Necmettin Erbakan Üniversitesi (NEÜ) İktisat Politikası Anabilim Dalı Öğretim Üyesi Doç. Dr. Fatih Mehmet Öcal, ekonomik gelişmelerle ilgili Yeni Haber’e özel açıklamalarda bulundu.  Çok bilinmeyenli belirsizliğin ekonomik ve siyasi alanı küresel boyutta kaplamış durumda olduğunu ifade eden Öcal,  İç piyasada Merkez Bankası’nın faizleri düşürmüş olmasının doların yükselmesini yavaşlatsa bile bu riskler devam ettiği için doların ani inip çıkmasına hazırlıklı olunması gerektiğini söyledi.

fatih-mehmet-ocal-001.jpg

İÇ VE DIŞ SİYASİ RİSKLER DEVAM EDİYOR

Hem iç hem de dış siyasi risklerin devam ettiğini vurgulayan Öcal, “Başkanlık ve Anayasa tartışmalarının iyiden iyiye gündemimize oturması, 2017’de de erken seçimin dillendiriliyor olması bunlar siyasi risklerin iç tarafı olarak görülüyor. ABD’de olan başkanlık yarışı her ne kadar galibi belli olsa da az da olsa risk taşıyor. Bundan sonra FED’in alacağı faiz artırma kararı bekleniyor. Bunun özellikle gelişmekte olan ülkelerin dış cari açığının içinde olduğu için bunlara ulaşma maliyetini artıracağından dolayı bu ülkelerin yapısal reformlarını yapıp üretim ekonomisine geçmeleri gerekiyor” dedi.

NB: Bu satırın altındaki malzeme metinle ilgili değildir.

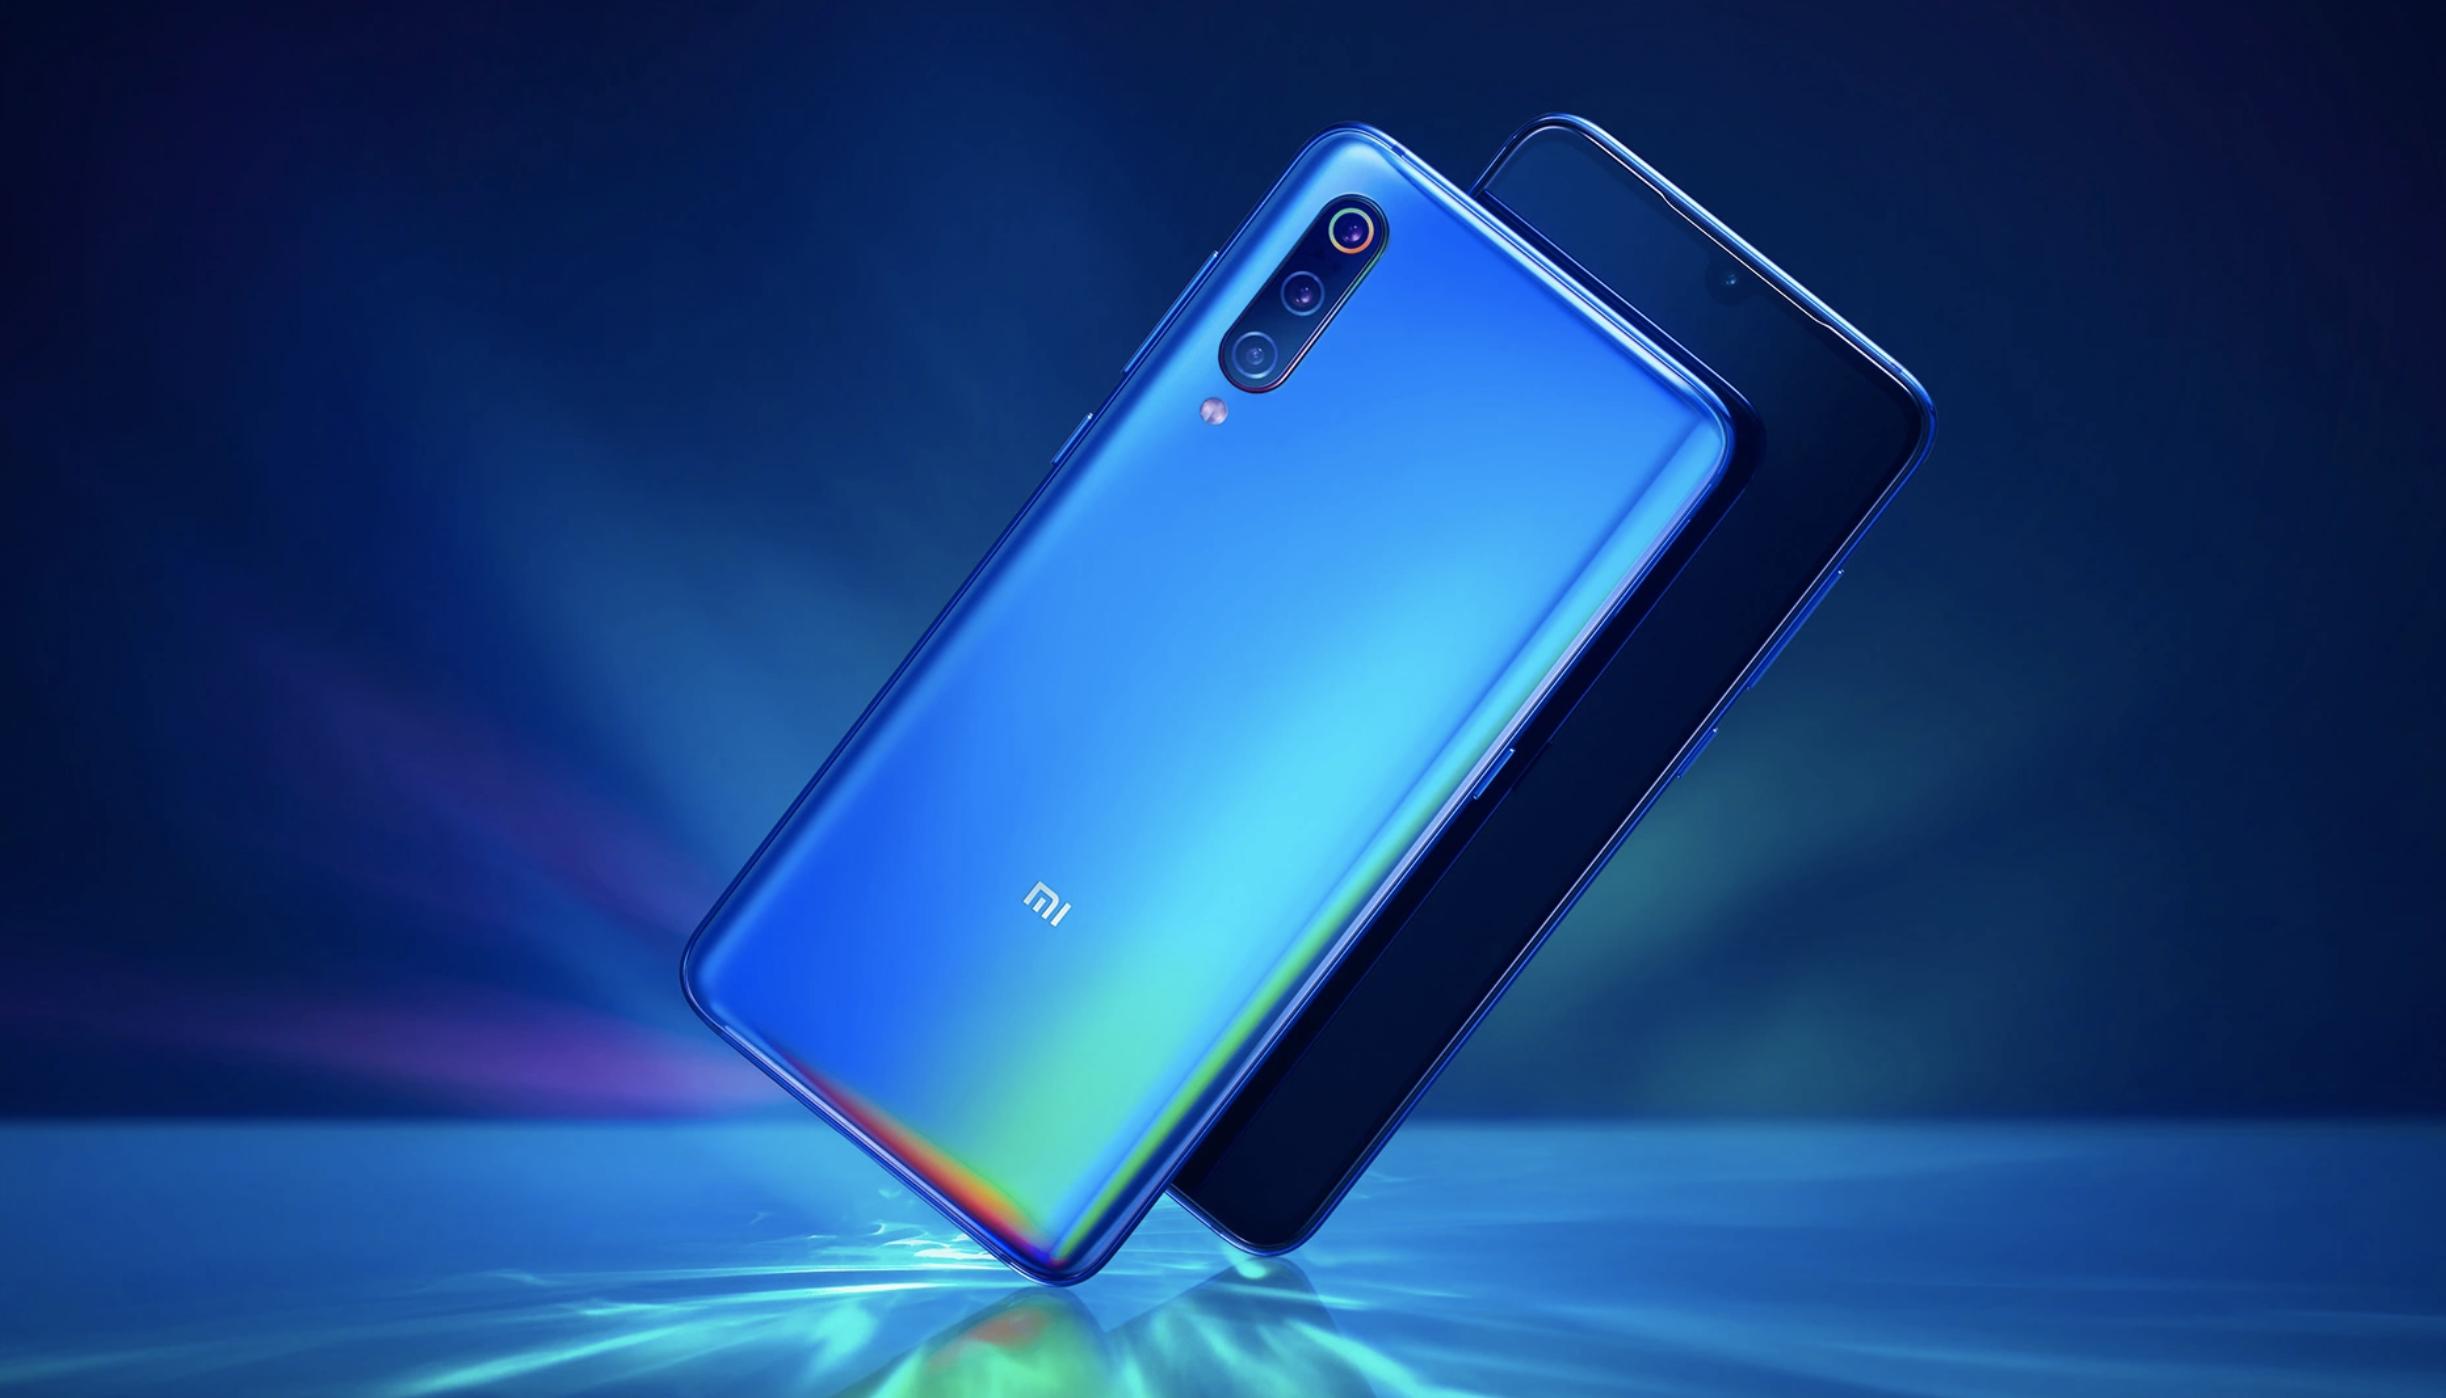 Xiaomi mi 9 のデザイン
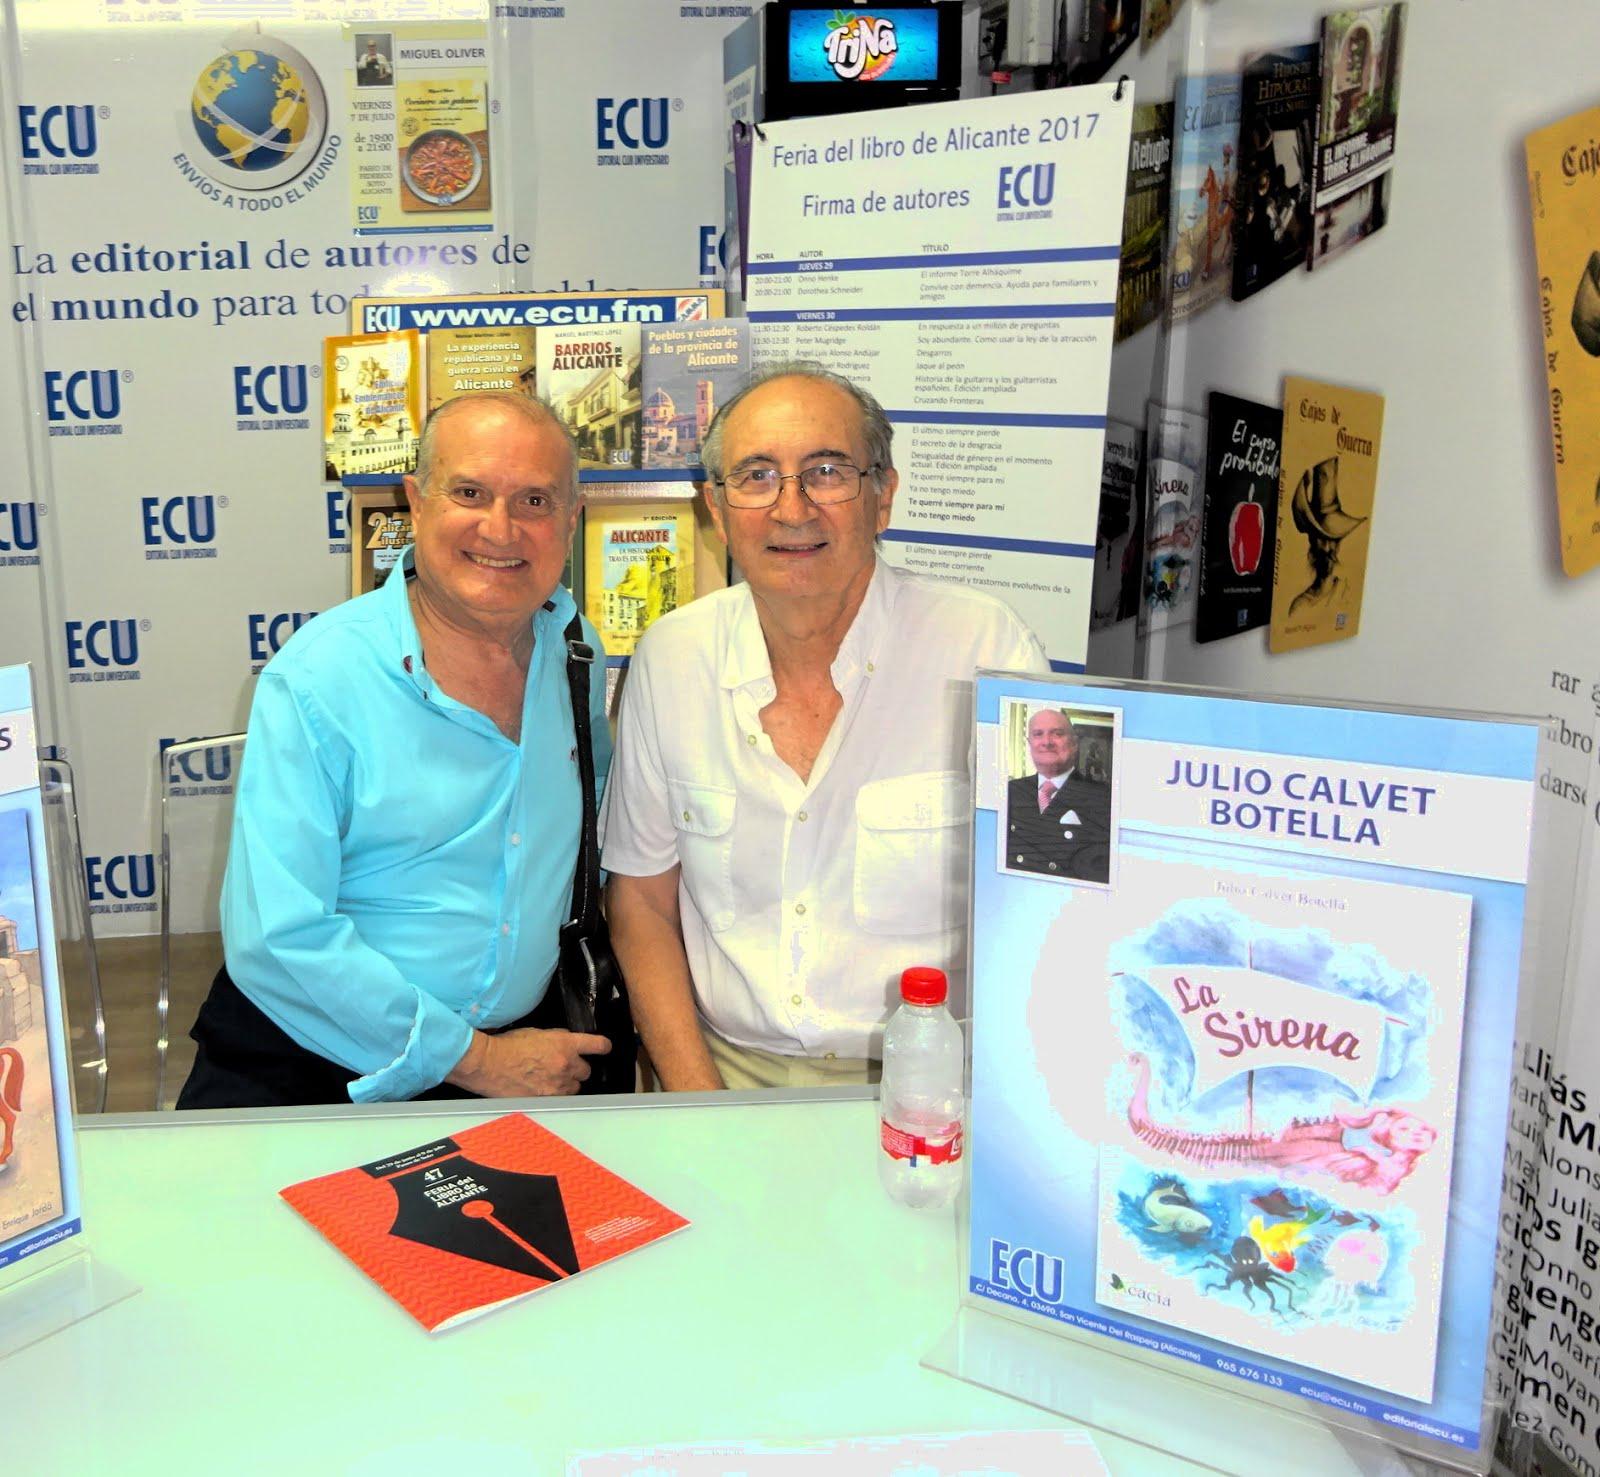 Feria del Libro de Alicante 2017

ABD VE RUSYA TERÖRÜ CESARETLENDİRİYOR

Diğer bir dış siyasi riskin Suriye ve Musul savaş durumunun iyice kızışması olduğunu belirten Öcal, “Türkiye’nin bu savaşın içine çekilmeye çalışılması artı terörü önlemeye çalışan ABD, Rusya gibi ülkelerin terörü önlemekten ziyade terör cesaretlendirecek politika izliyor. Bu durum da başlıca bizim bölgemiz olmak üzere Ortadoğu, Musul, Suriye, Irak hem de Türkiye’nin hem siyasi hem de ekonomik yapısını olumsuz şekilde etkileyecek. FED’in faiz artırımı ve ABD seçimleri de işin içerisine girince risk herkesi kaplamış durumda” diye konuştu.

uretim.jpg

DOLARIN ÇIKMASINA HAZIRLIKLI OLUNMALI

Siyasi ve ekonomik riskler birbirini tetiklediği için kısa vadede herkesin doların çıkmasına ekonomik ve siyasi risklerin çıkmasına hazırlıklı olması gerektiğinin altını çizen Öcal, “Türkiye sınır koridorunu korumak için savaş da dahil her türlü riske girebilir. Ekonomik alanda da sık sık açıklanan kredi faizlerinin azaltılması ve taksitlerin artırılması gibi reform paketlerinin ziyade ayakları sağlam yere basan sorunları objektif kriterlere göre ortaya koyan yapısal reformlar uygulamaya geçmelidir. Üretim ekonomisi ağırlıklı bir ekonomik modele dönmeliyiz. Tabi bu da uzun vadede beşeri sermayenin niteliğinin artırılmasından kısa vadede teknolojiye yatırım yapıp AR-GE harcamalarını artırarak üretim ekonomisine ağırlığını koymaktan geçer” ifadelerini kullandı.